I am (or was) an illustrator of 28 yrs. Mostly self employed, lows and highs, but many, many highs!
Around 4 yrs ago I just lost it.
I recall feeling dug out by it and as if on a conveyor belt, so much competition, and then feeling like my work was crap. I am not famous at all, but was moderately successful for most of those years - working with pretty big companies, record labels and novelists.
What bothers me, apart from the massive drop in income, is why I don't just 'do it' anymore. I just did it by nature previously, from my teens onwards, I never had to think about it. I was multimedia, so embraced digital, traditional and video. I never had a social media following but had a lot of work and many different styles.
I just never pick up the pencil or the digital pen now. I thought it might be stress, as I lost my parents at that time, but nothing else has gone awry. So it it was stress related, why just this?
I am living on savings and need to find a regular job, but the loss of that income is huge.
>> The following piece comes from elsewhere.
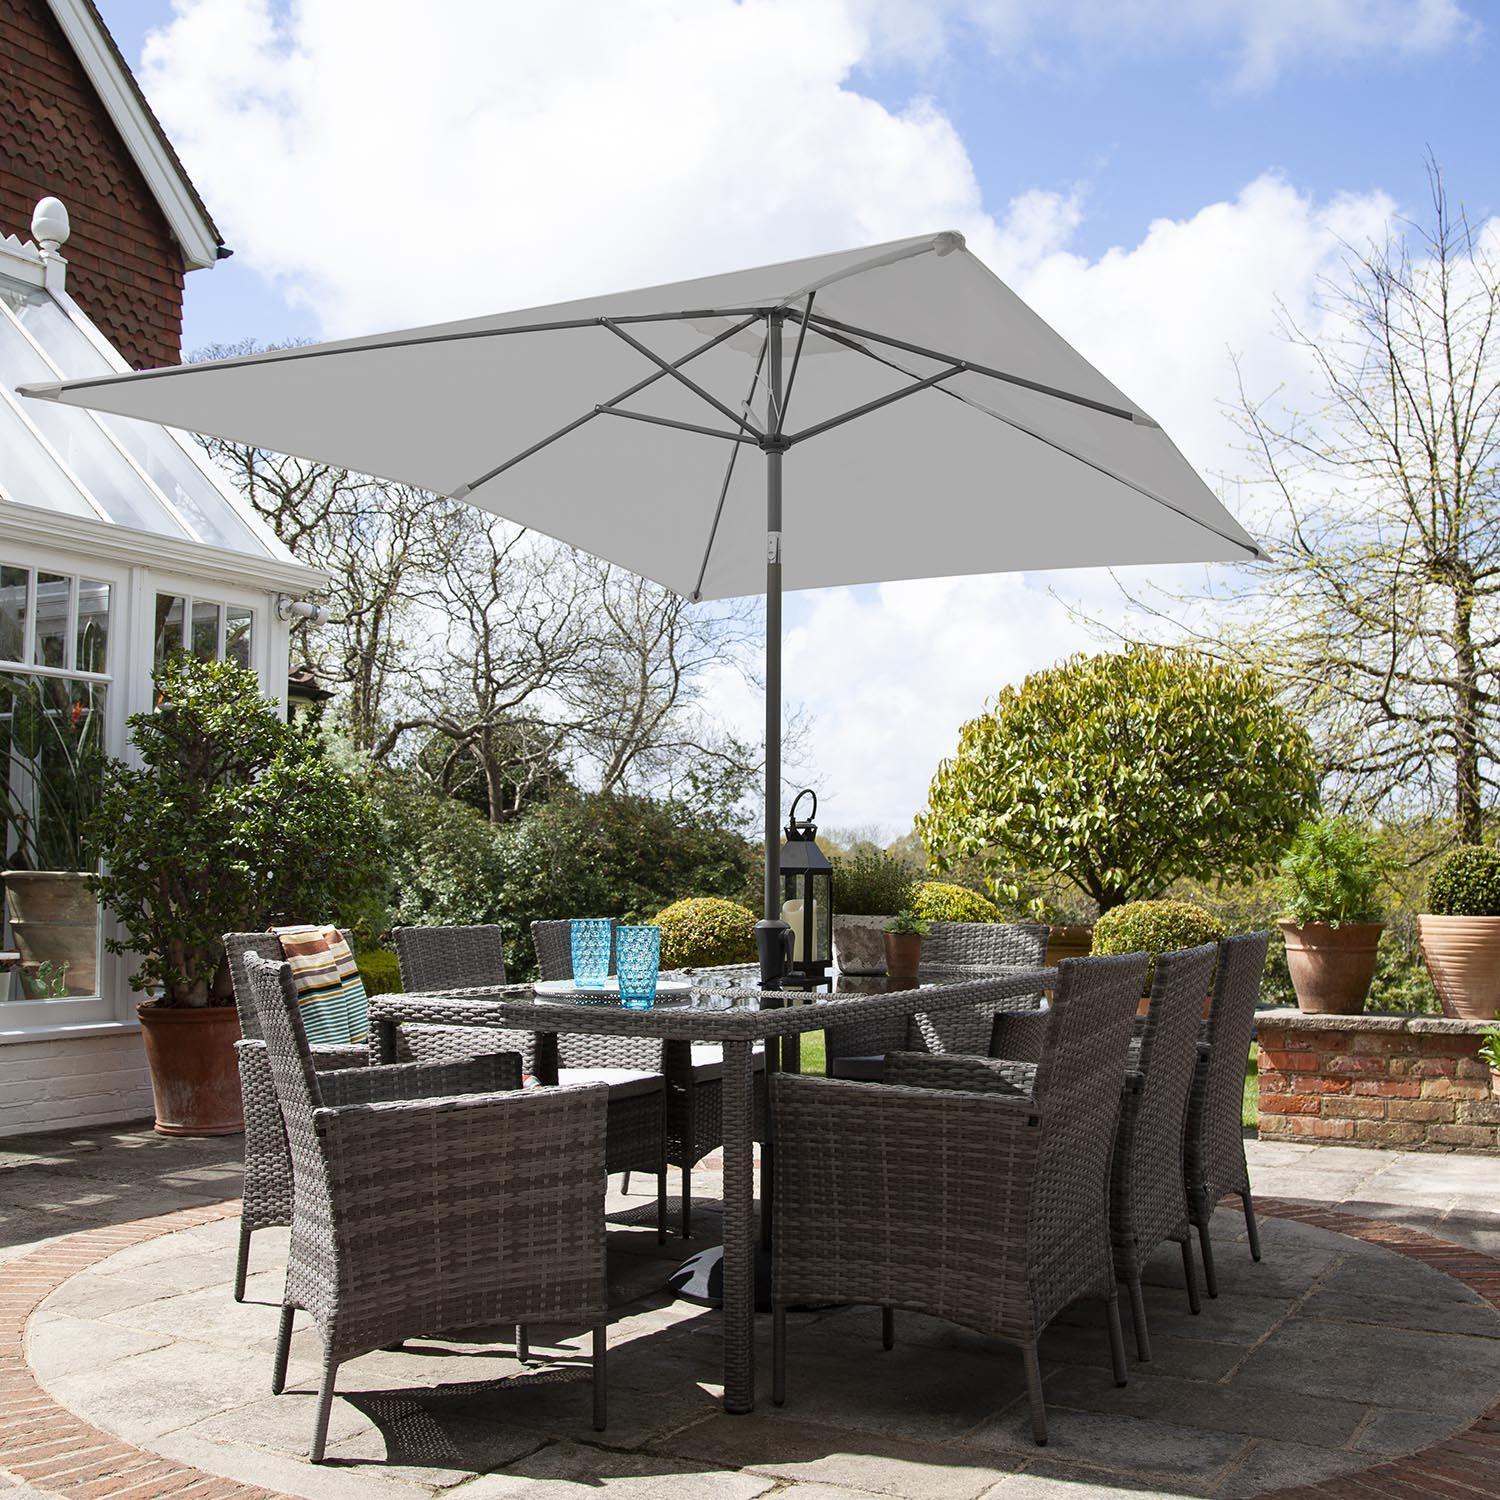 Marston 8 Seater Rattan Outdoor Dining Set with Grey Parasol - Rattan Garden Furniture - Grey - Glass Top - Laura James

I am happy to move on without it if I have to (maybe), but it feels stupid to ignore it as if it never happened either. This was my profession, and now I feel like a fake or a fraud.
I guess I will be crying into a void here, maybe it's a little too 'niche', but I would love to return to it, yet every time I think of doing it I freeze, or I can't even think of what to do. It feels foreign to me, and that makes me feel even more fed up. I an't even think of where to start.
I tried changing things up for years but nothing worked:(
Is it time to cut ties completely or try to work it out?